===== DATA EXCERPT

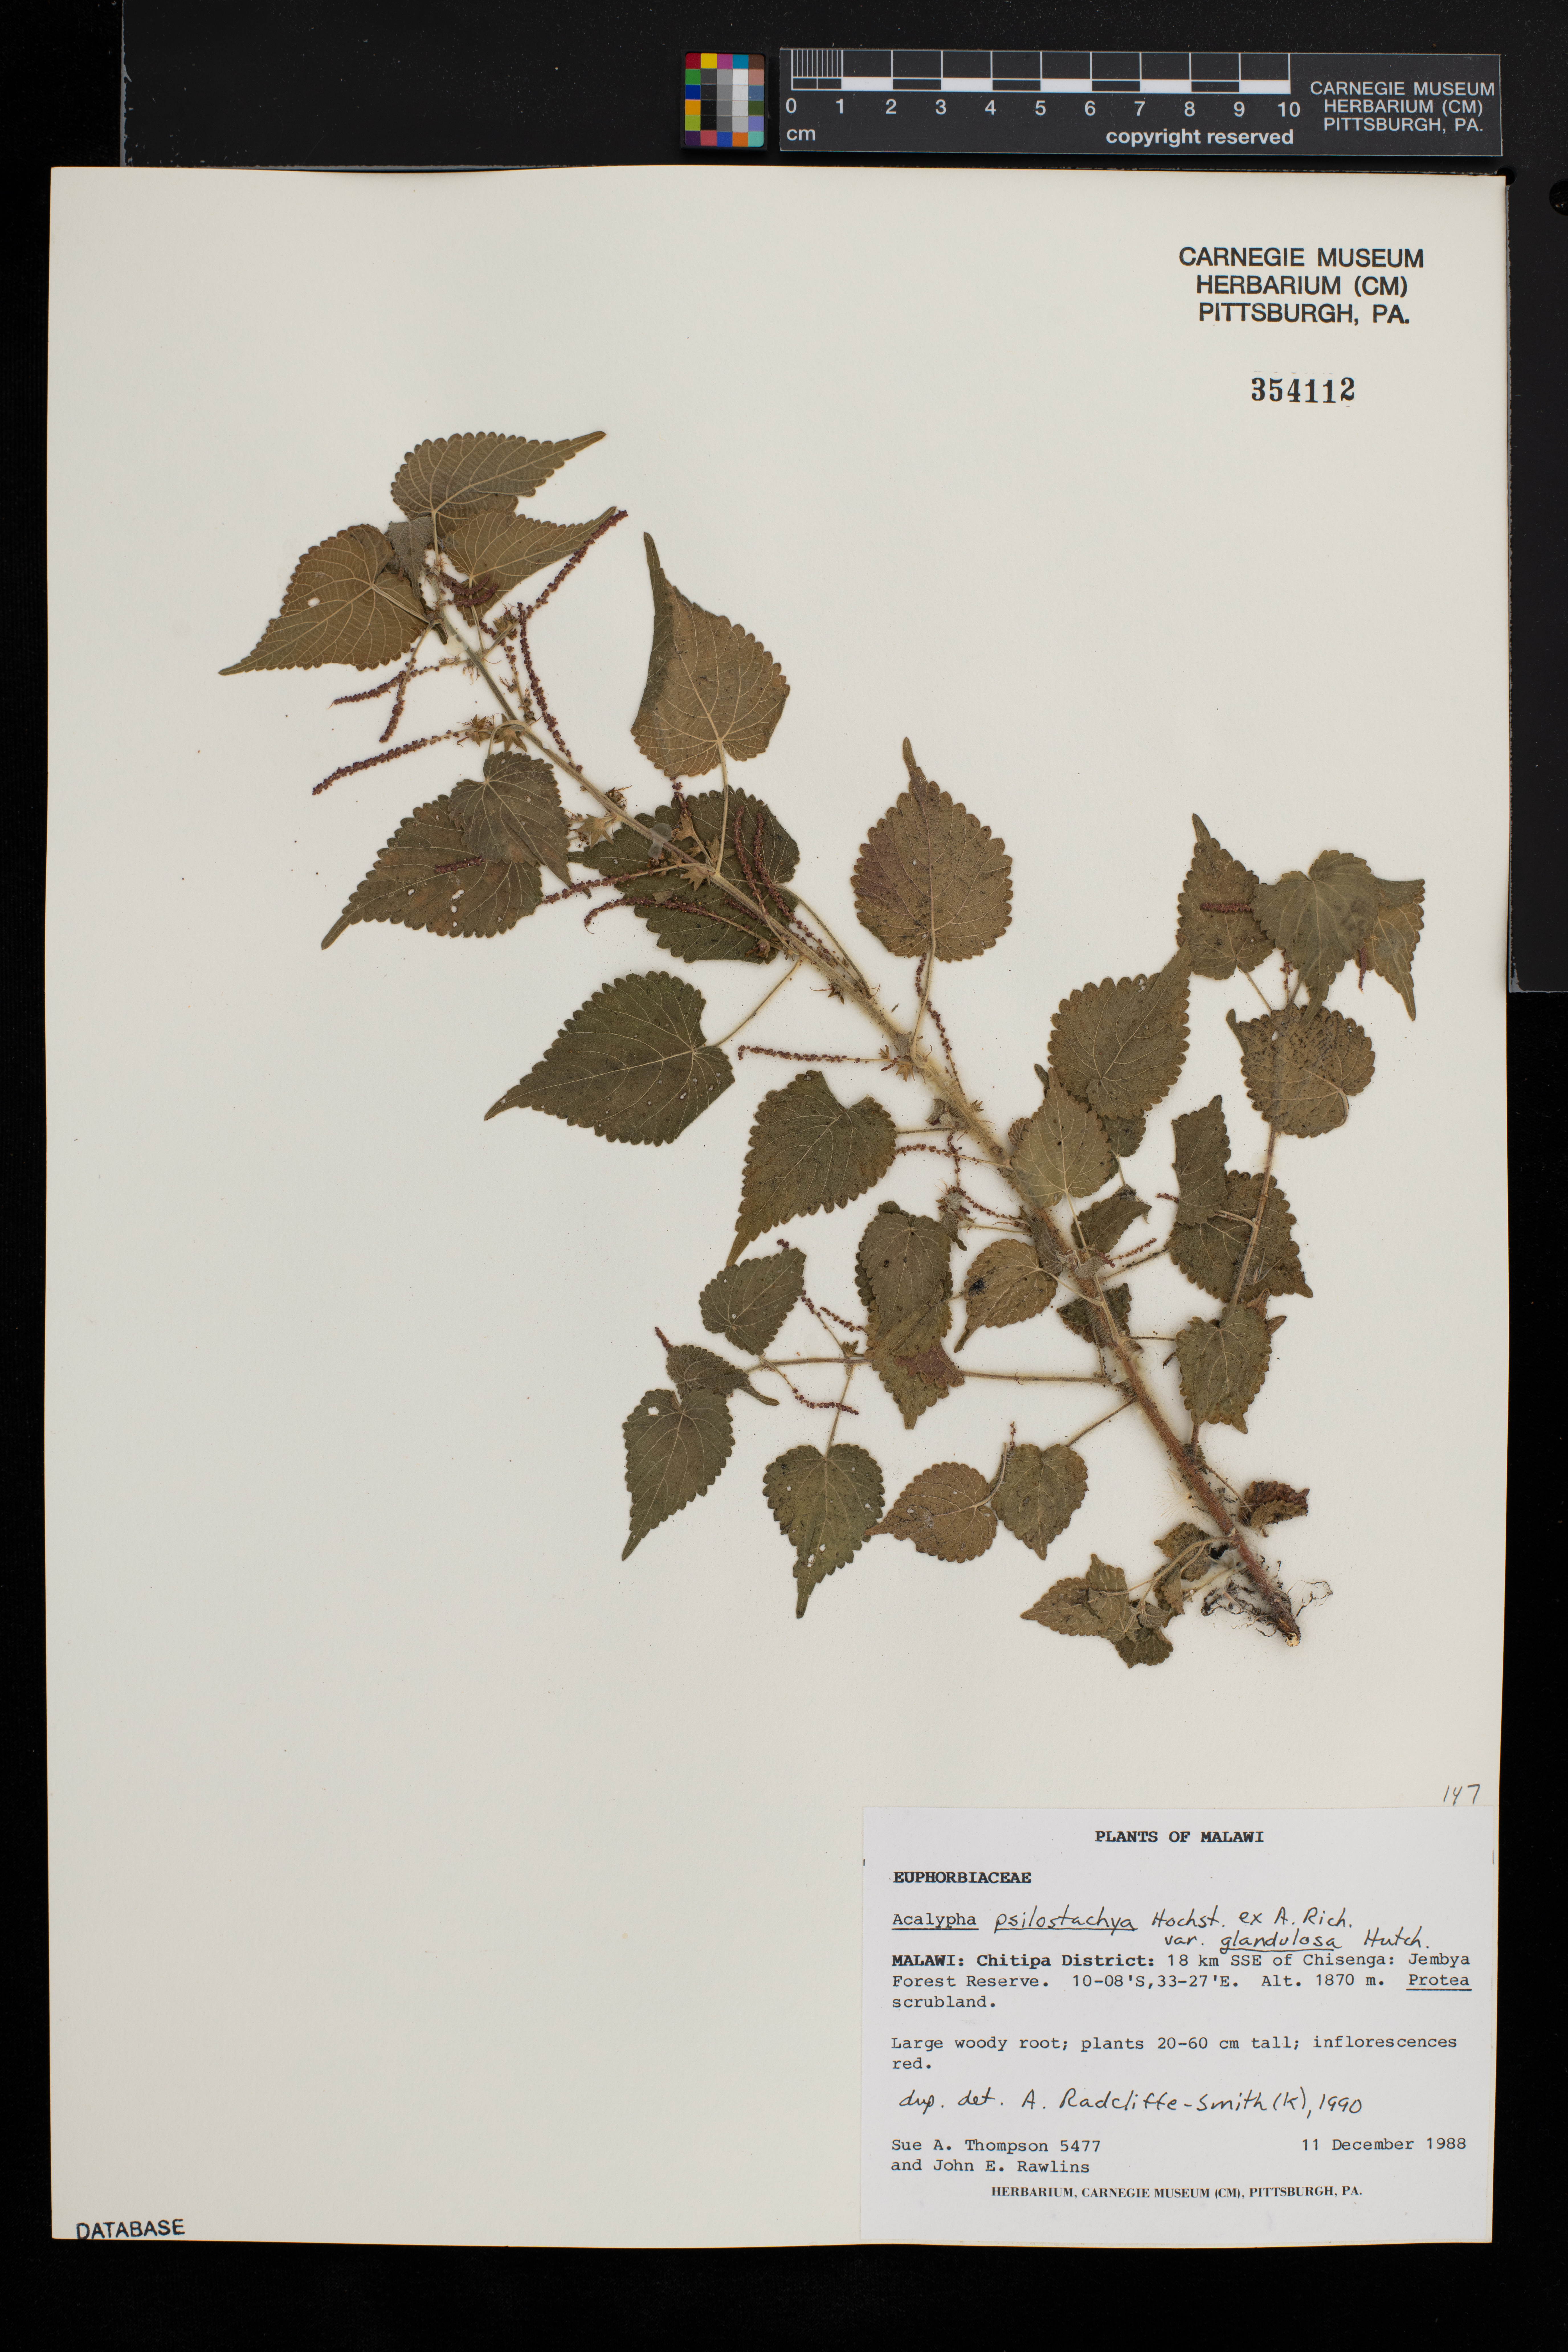 Acalypha psilostachya var. glandulosa image
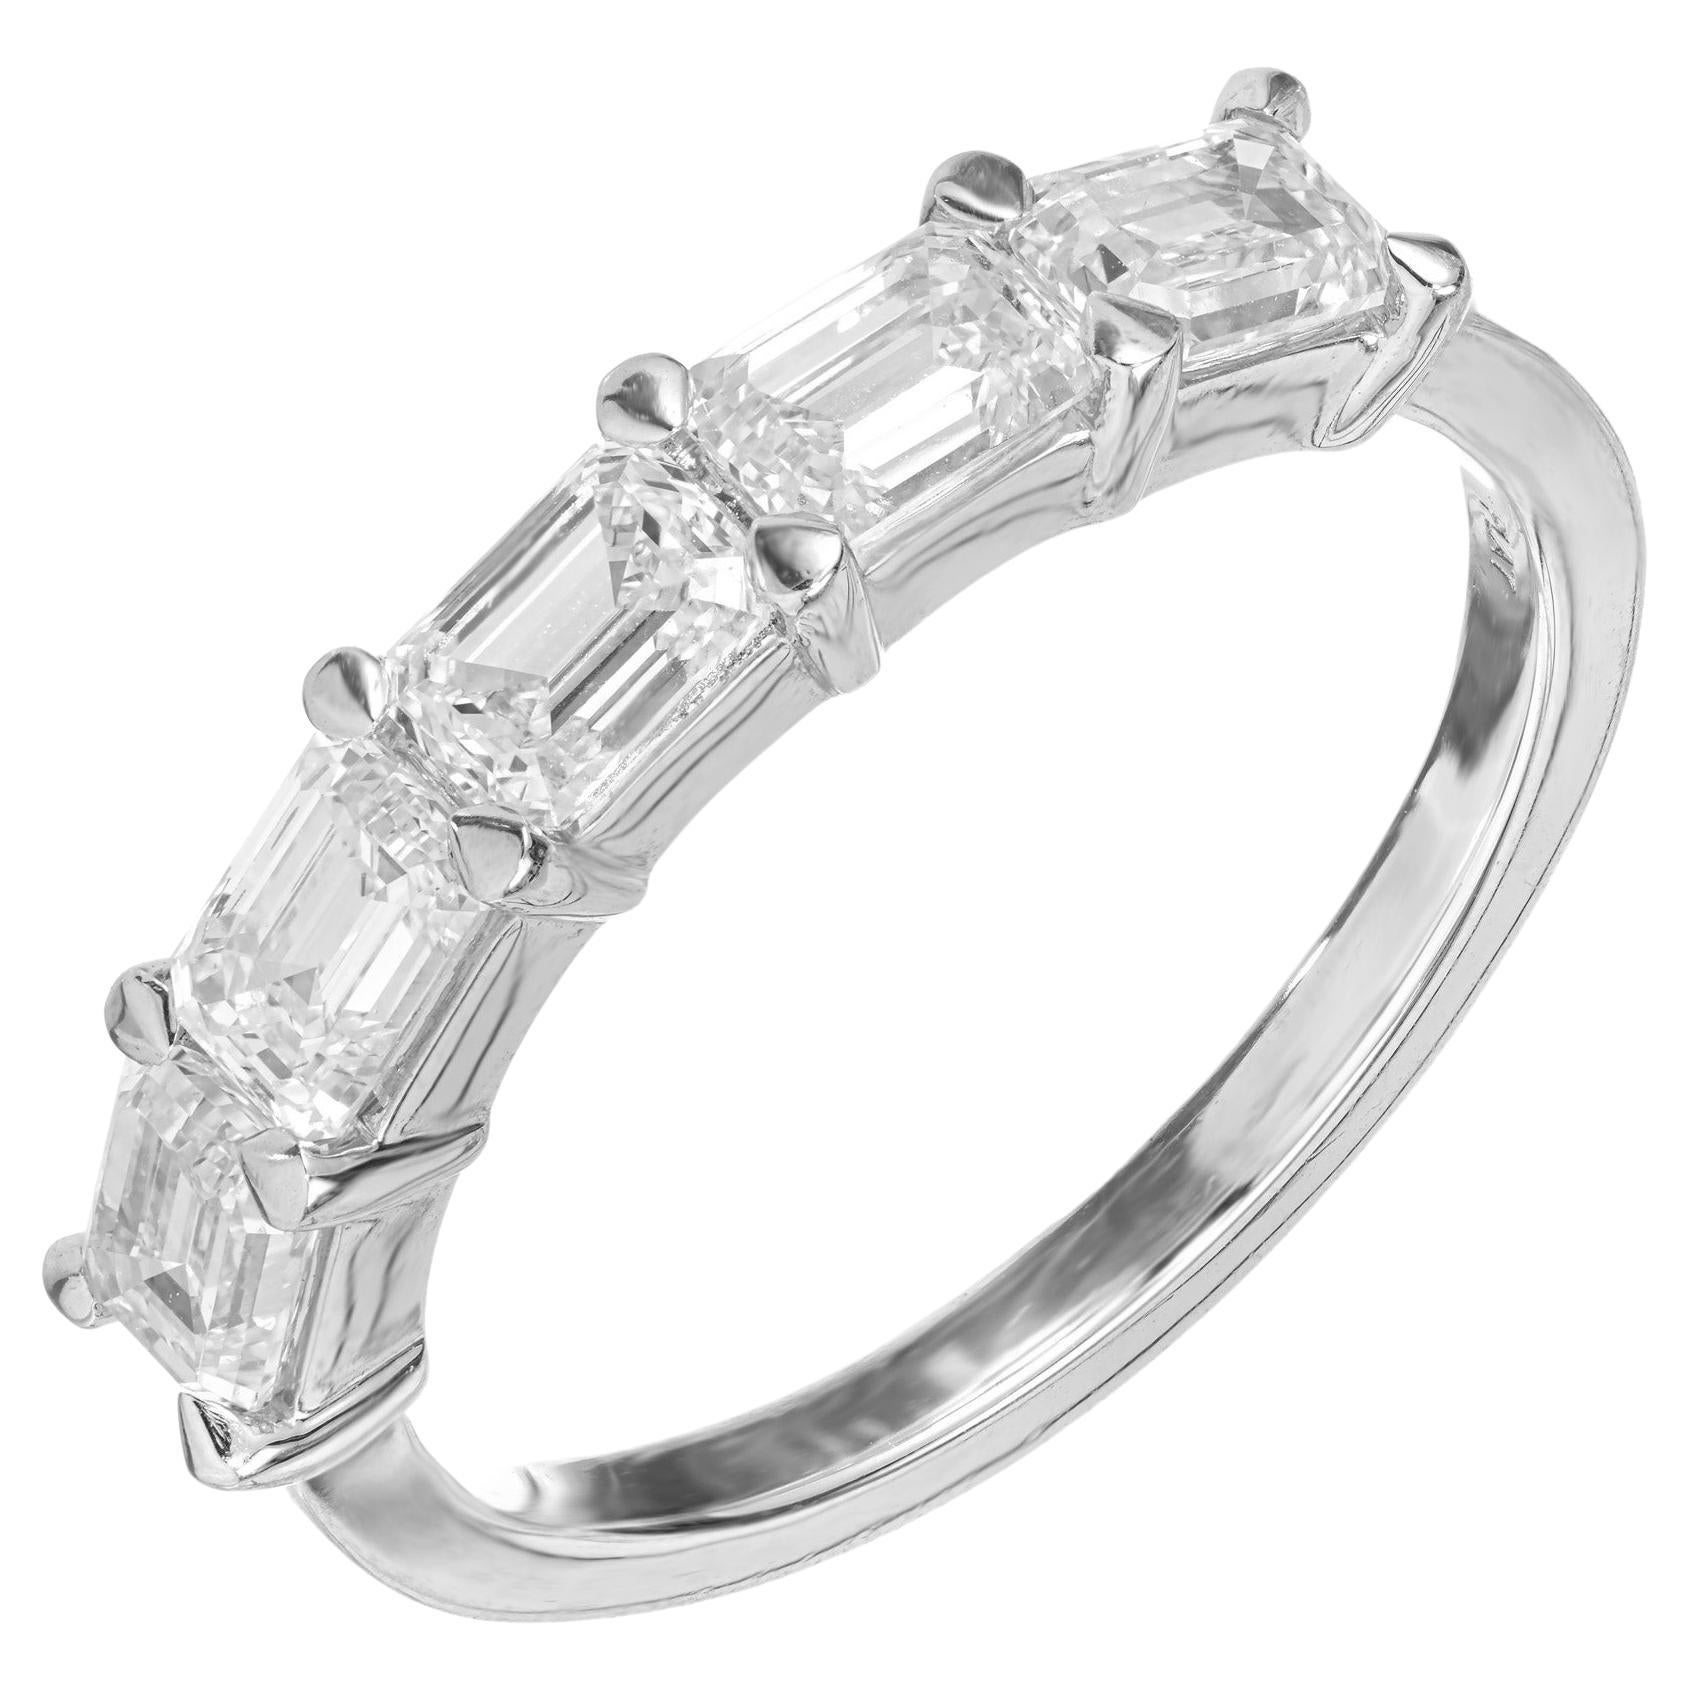 Peter Suchy 1.55 Carat Emerald Cut Diamond Platinum Wedding Band Ring For Sale
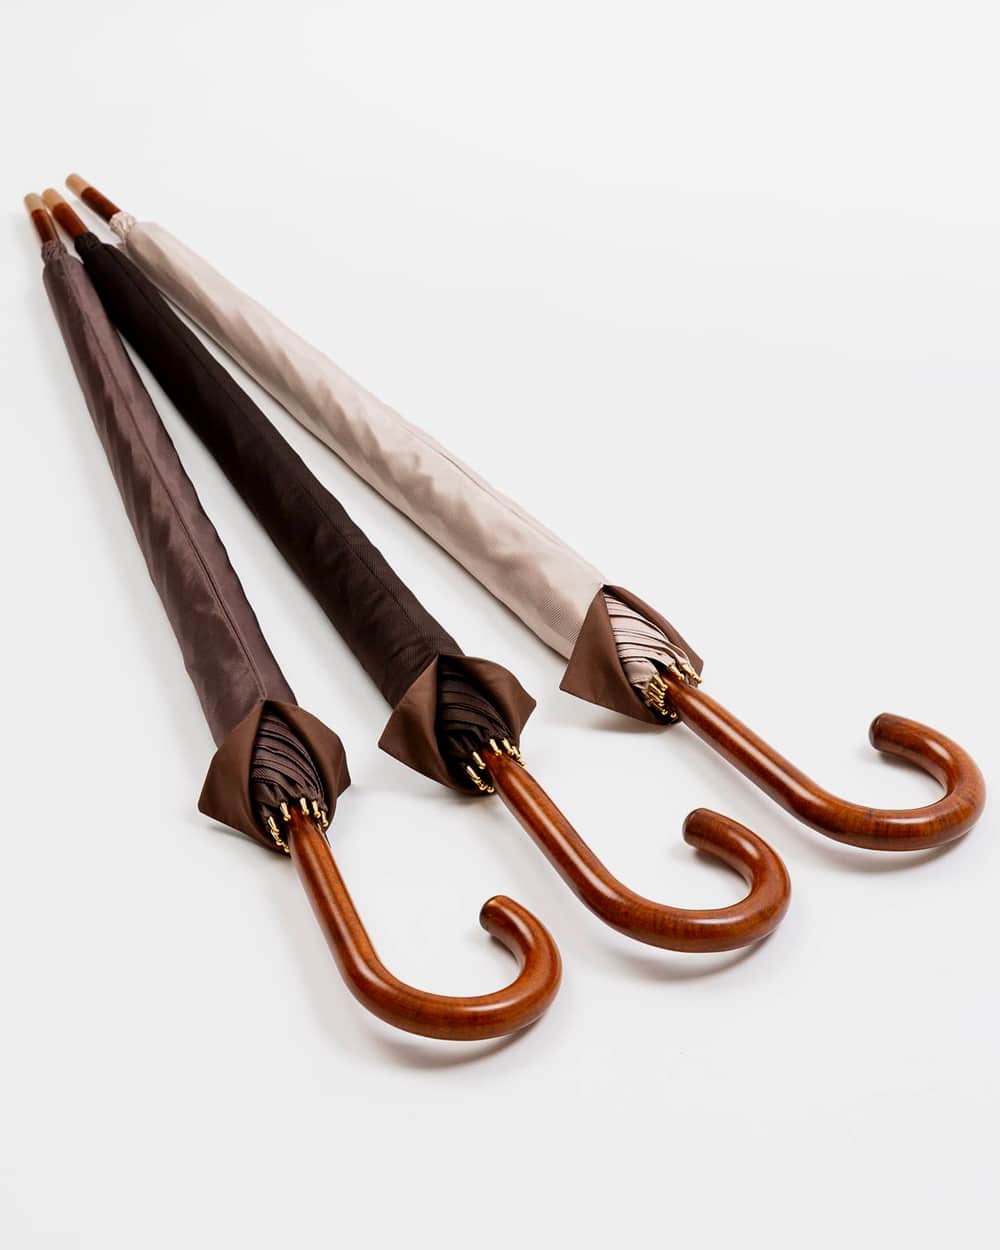 Three premium wooden handle umbrellas by Michel Heurtault with brown and beige fabric canopies

==========

> _WHAT YOU NEED TO DO_: In the copy, include no pictures; restate the listing above exactly.

> _EXERCISE SOLUTION_:
 Acalypha psilostachya var. glandulosa image
 Peter Suchy 1.55 Carat Emerald Cut Diamond Platinum Wedding Band Ring For Sale
 Three premium wooden handle umbrellas by Michel Heurtault with brown and beige fabric canopies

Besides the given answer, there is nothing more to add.